His book Life With Full Attention: a Practical Course in Mindfulness (2009) is an eight-week course "steeped in ancient spiritual teachings, but aimed squarely at modern, secular readers, who are contending with complicated lives."

==Poetry==
Reviewing his book The Crumb Road (2013) in The Guardian, Sean O'Brien wrote that "Maitreyabandhu is interesting for being one who notices, and for the care he brings to his observations of people, events, places and memories.
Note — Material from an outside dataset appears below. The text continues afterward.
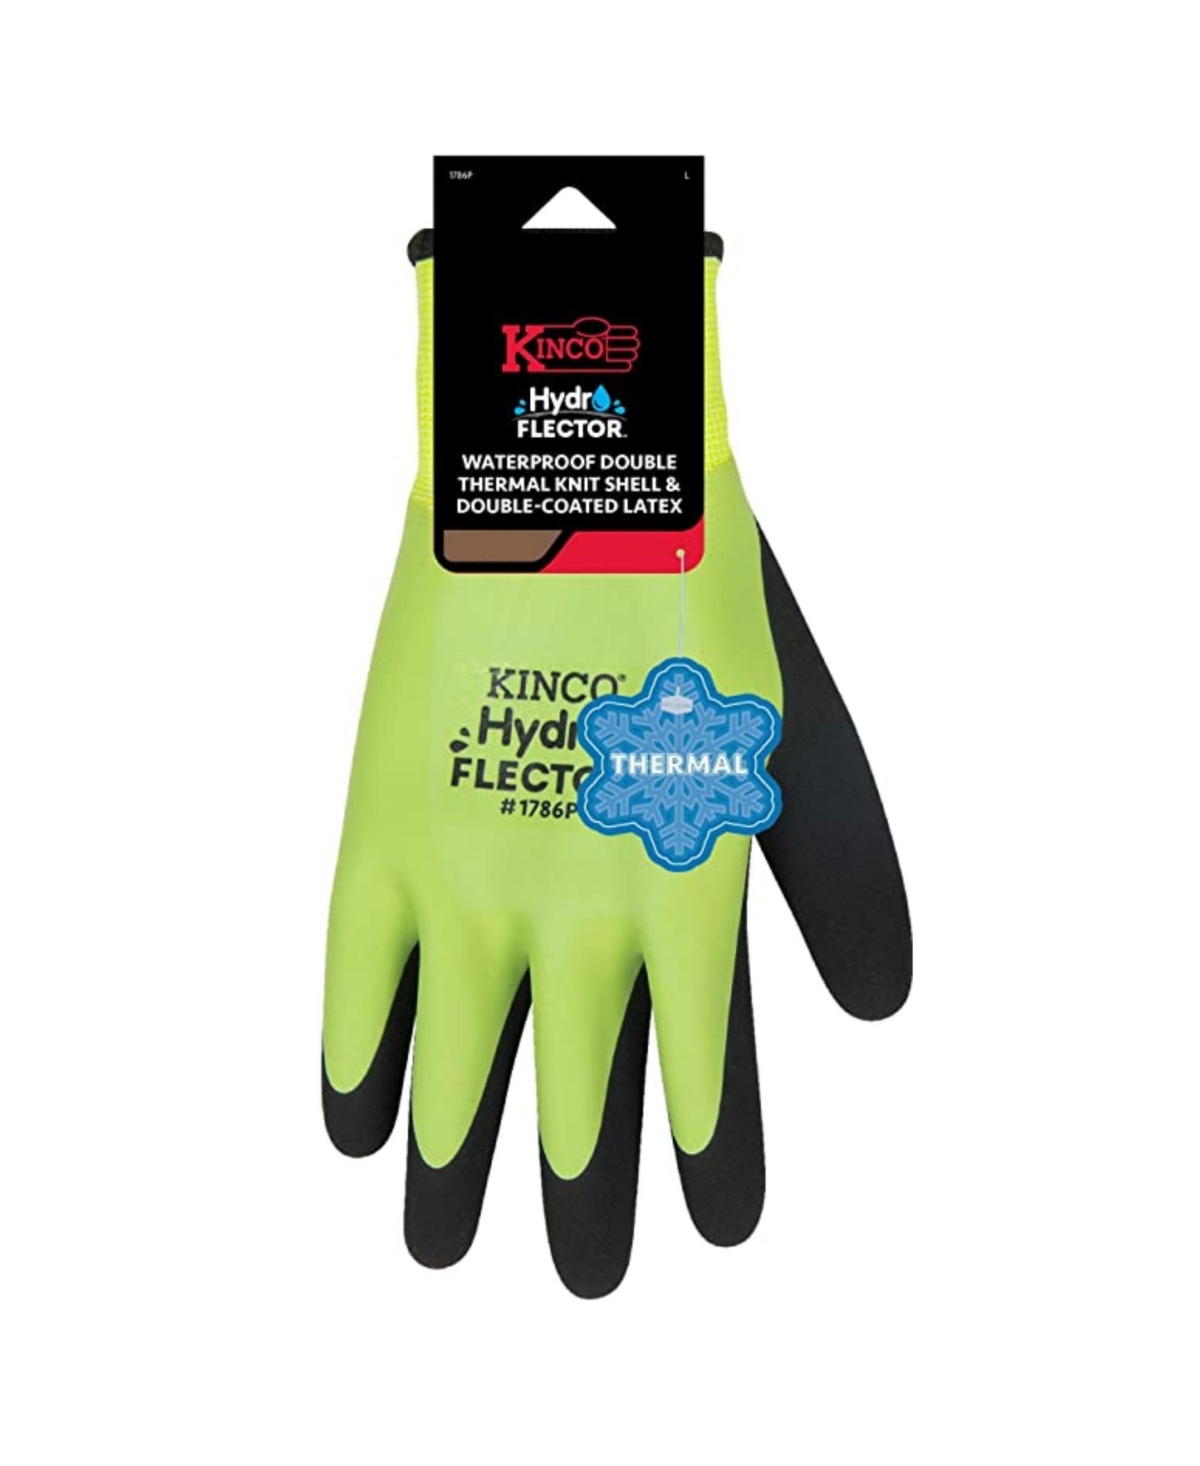 Kinco Hydroflector Waterproof Double Thermal Shell and Coated Latex Gloves- Xl - Green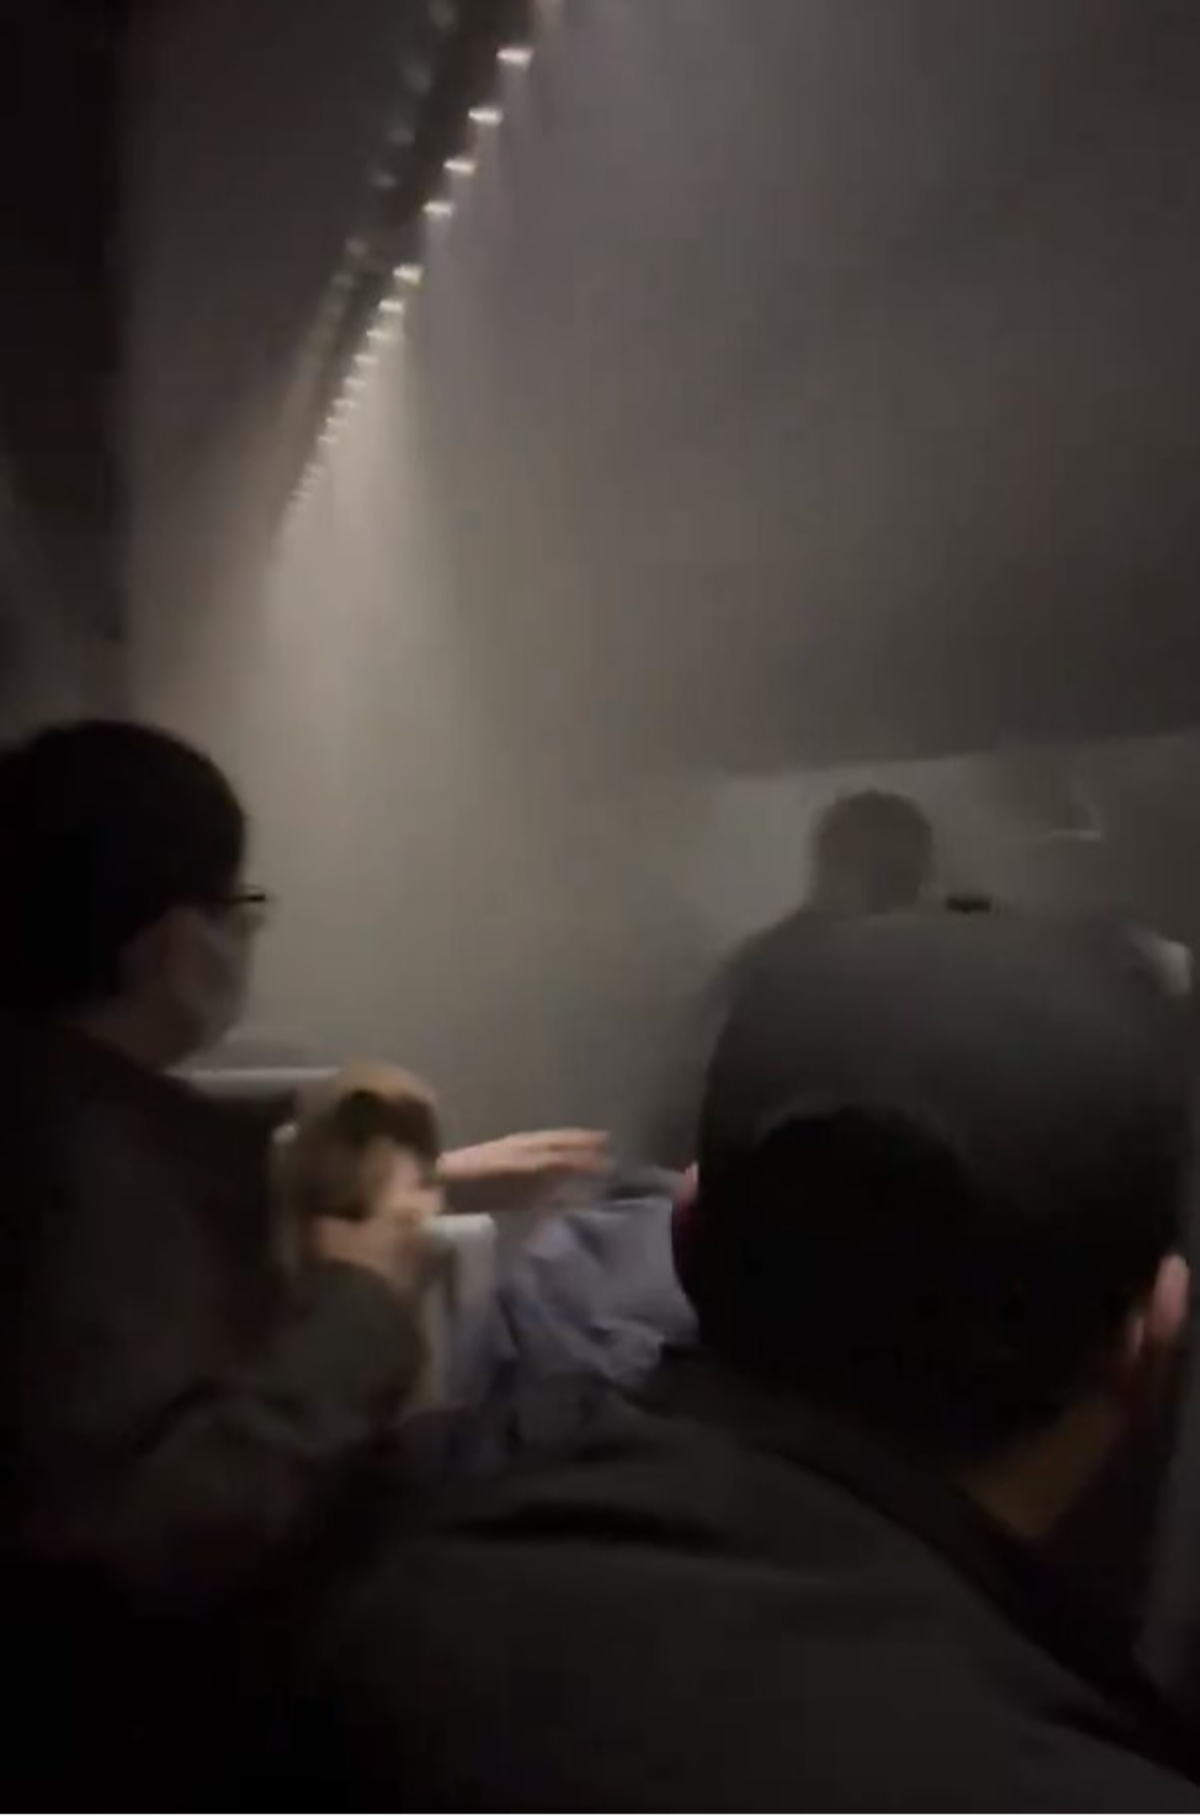 Video taken by a passenger shows inside of the Japan Airlines flight as it was on fire (X / @alto_maple)

But unlike Hardy and most other poets, he is inclined to be self-effacing, even when writing about himself." Also in The Guardian, Carol Rumens described "The Man" from The Crumb Road as "Typically, it's a poem which seems to present a reassuringly ordinary and familiar scenario, while slowly making the reader aware that something unusual is going on."

Reviewing his book Yarn (2015) in the Times Literary Supplement, Frank Lawton wrote: "Composed of four discrete but symbolically linked sections, Yarn embraces the spirit, if not the strict form, of Japanese renga poetry. [. . . ] The book displays an accomplished formal variety, taking in free verse, sonnets, blank verse, dramatic monologues and a series of rather less successful prose poems."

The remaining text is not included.